May 21, 2007 - You simply can’t have it all. To get a reward, you must be willing to accept some risk. That is the fundamental trade-off of investing, risk is involved with almost any investment. Each investor must establish their own risk-reward profile as the basis for determining how to structure their investments. The first step is to determine the time horizon you have available for your investments to grow and the next step is to assess your ability to accept and absorb risk. It is from this analysis that your rewards may follow:
Step One – What’s Your Expected Time Horizon?
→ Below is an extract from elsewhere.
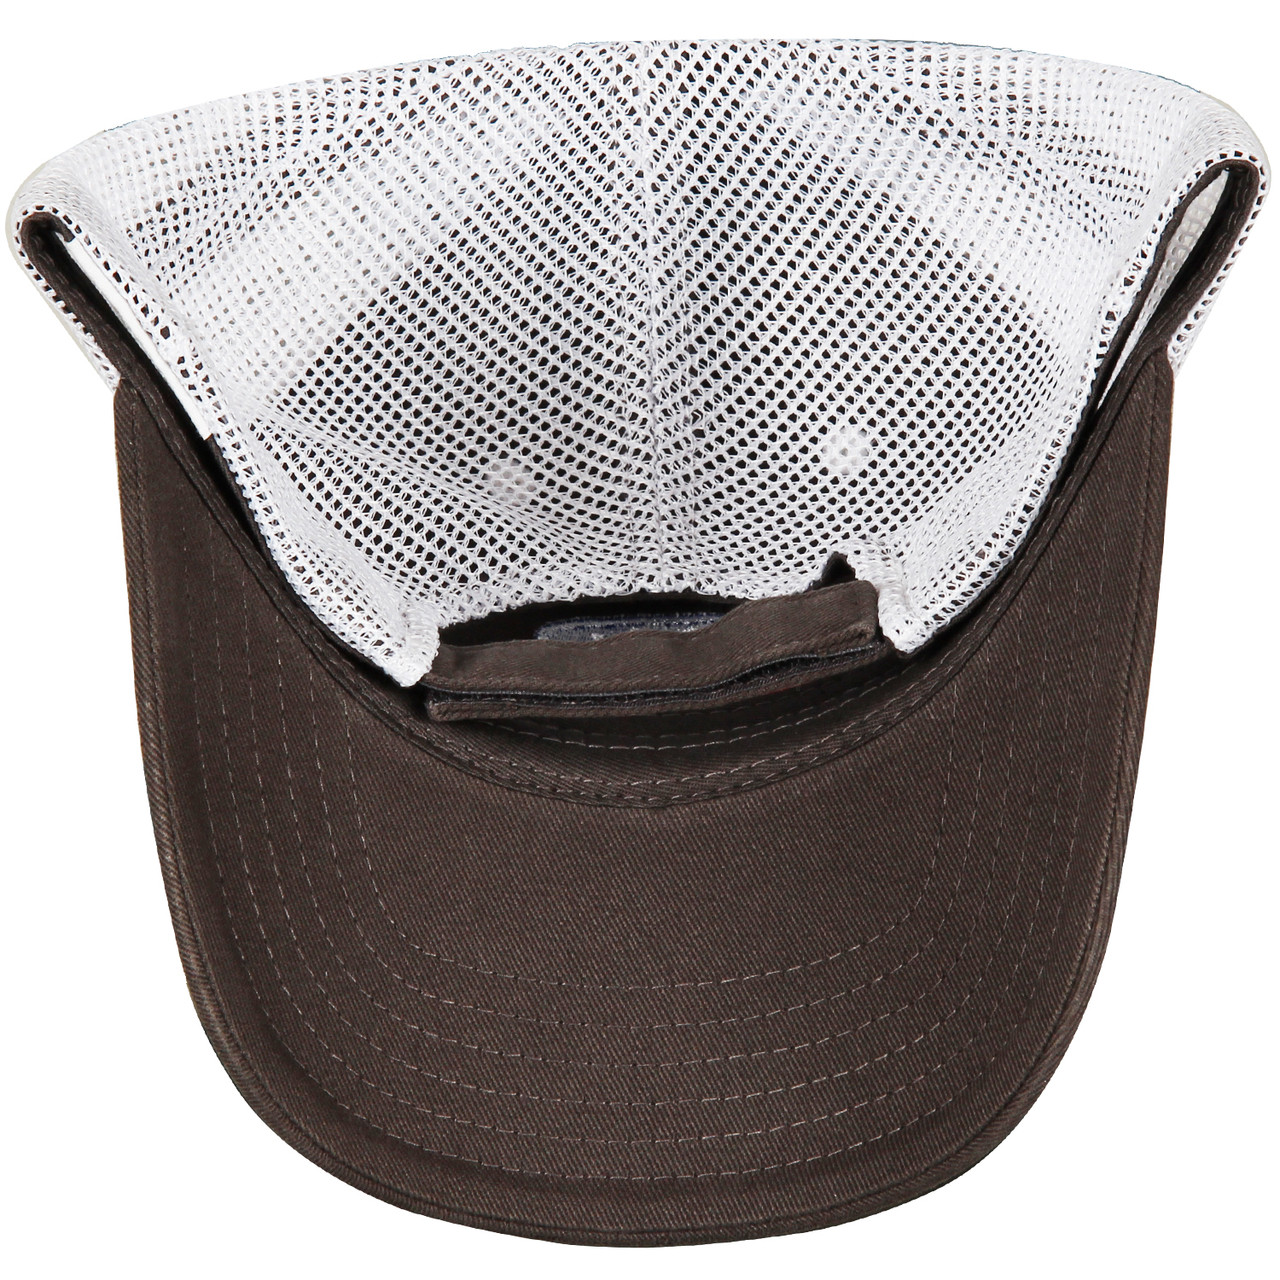 Ford Power Stroke Diesel Gray & White Mesh Hat (under)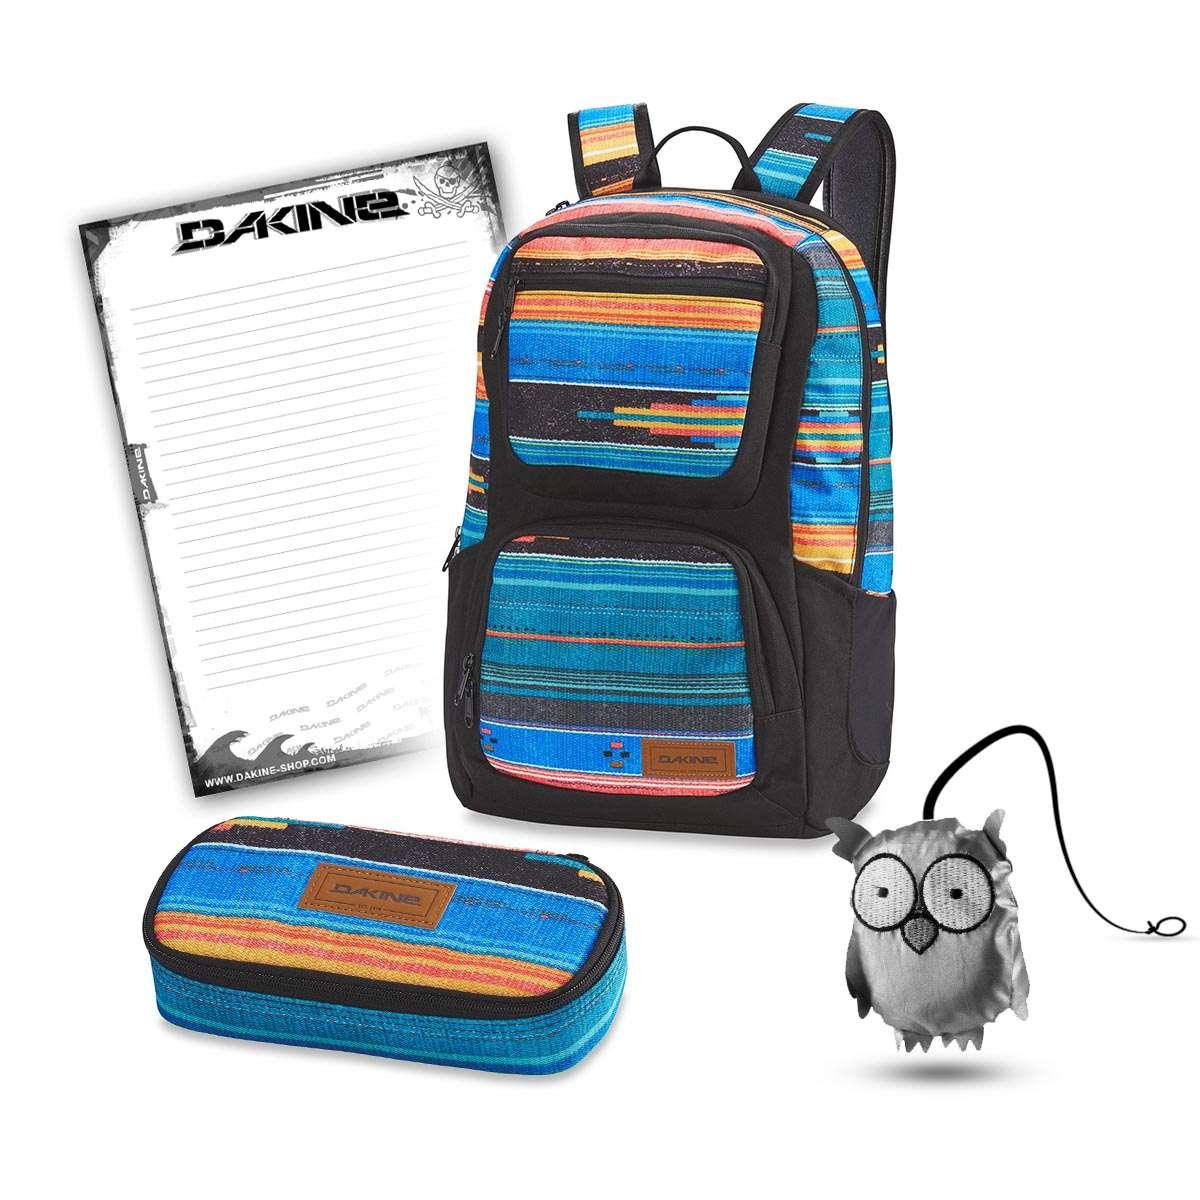 c7ffb8ba1 Dakine Jewel 26L + School Case XL + Emma + Notepad School Set Baja Sunset |  School Sets | School | DAKINE Shop.de: Dakine-Rucksack, Dakine-Taschen, ...

In order to balance both the income and growth levels of your portfolio you will need to allocate your investment assets according to both your level of acceptable risk as well as the amount of time you have available to achieve your goals. Your time horizon is instrumental in determining how you manage risk. The more time you have, the easier it will be for your portfolio to absorb risk. To help determine the time frame you need for your investments, consider the following definitions:
Long-Term Investor – if your time horizon is five years and beyond, then you should consider your self a long-term investor.
Intermediate-Term Investor – if your time horizon is a minimum of two years and a maximum of five years, you should consider your self an intermediate-term investor.
Short-Term Investor – if your time horizon is a period of one to two years, you are definitely a short-term investor.
Step Two – How Well Can You Tolerate Risk?
To answer this question you must ask yourself how much you can afford to lose comfortably within the course of a year and bounce back without irreparably damaging your financial health. If you safely establish your level for risk tolerance then you won’t feel panicked at every bump or blip on your investment portfolio’s radar screen. Ask yourself, what is the worst case scenario for my finances and how much can I afford to lose within a year’s time frame? To help determine your risk profile, consider the following definitions:
High Risk Taker – you are able to withstand and recover from losses up to a maximum of 25% of your portfolio within a given year.
Moderate Risk Taker – you are able to withstand and recover from losses up to a maximum of 15% of your portfolio within a given year.
Low Risk Taker – you are able to withstand and recover from losses up to a maximum of 5% of your portfolio within a given year.